Of the records that follow, copy only the lines from the line containing "Tháp chuông tại" to the line containing "Как очистить воду", both included, exactly as written.

> _Material to process_:
>>>

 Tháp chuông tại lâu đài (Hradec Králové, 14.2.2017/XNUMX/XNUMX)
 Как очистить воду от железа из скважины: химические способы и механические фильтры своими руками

<<<
>>>

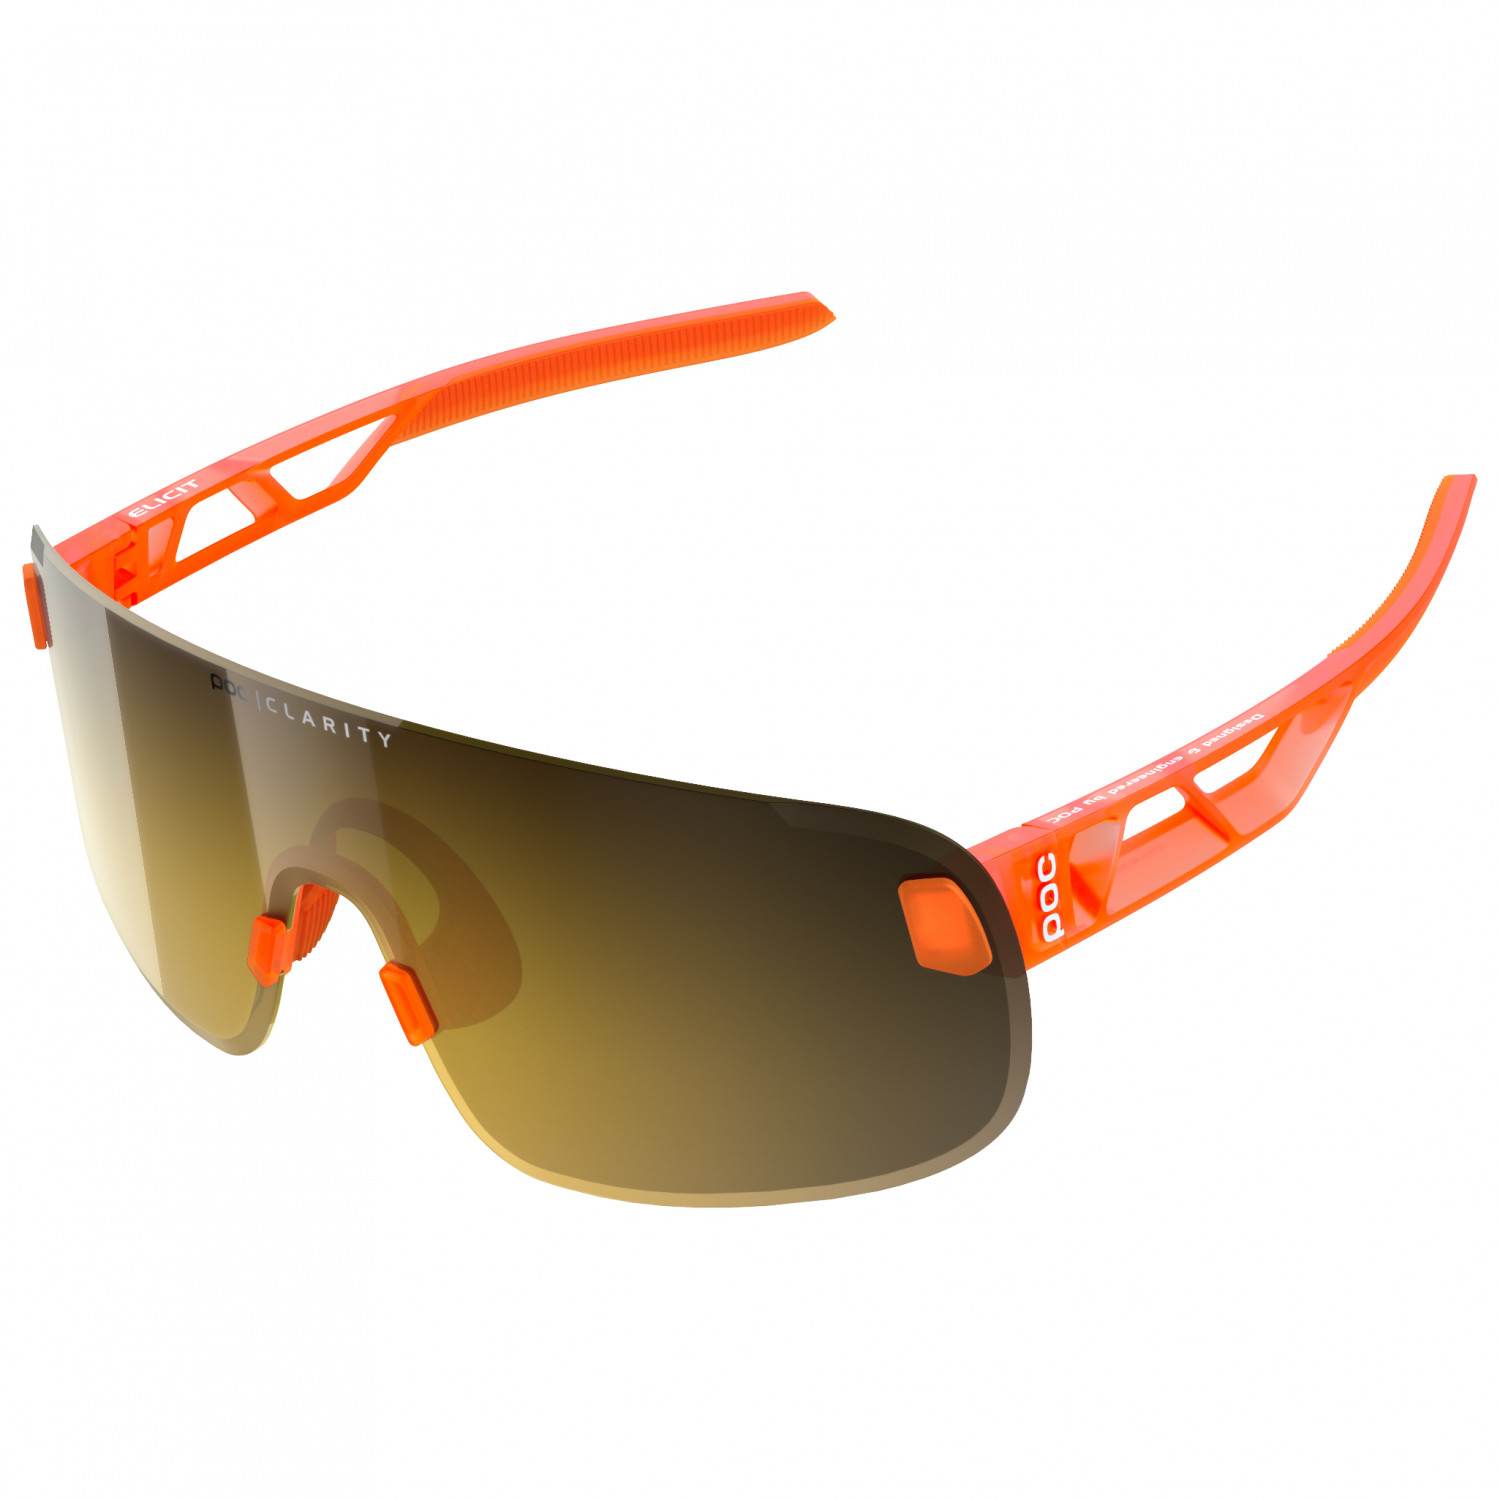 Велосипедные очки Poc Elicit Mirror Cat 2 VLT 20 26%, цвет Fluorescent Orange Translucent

<<<
>>>

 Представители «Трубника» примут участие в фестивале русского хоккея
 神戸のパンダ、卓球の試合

<<<

> _Answer to the problem_:
 Tháp chuông tại lâu đài (Hradec Králové, 14.2.2017/XNUMX/XNUMX)
 Как очистить воду от железа из скважины: химические способы и механические фильтры своими руками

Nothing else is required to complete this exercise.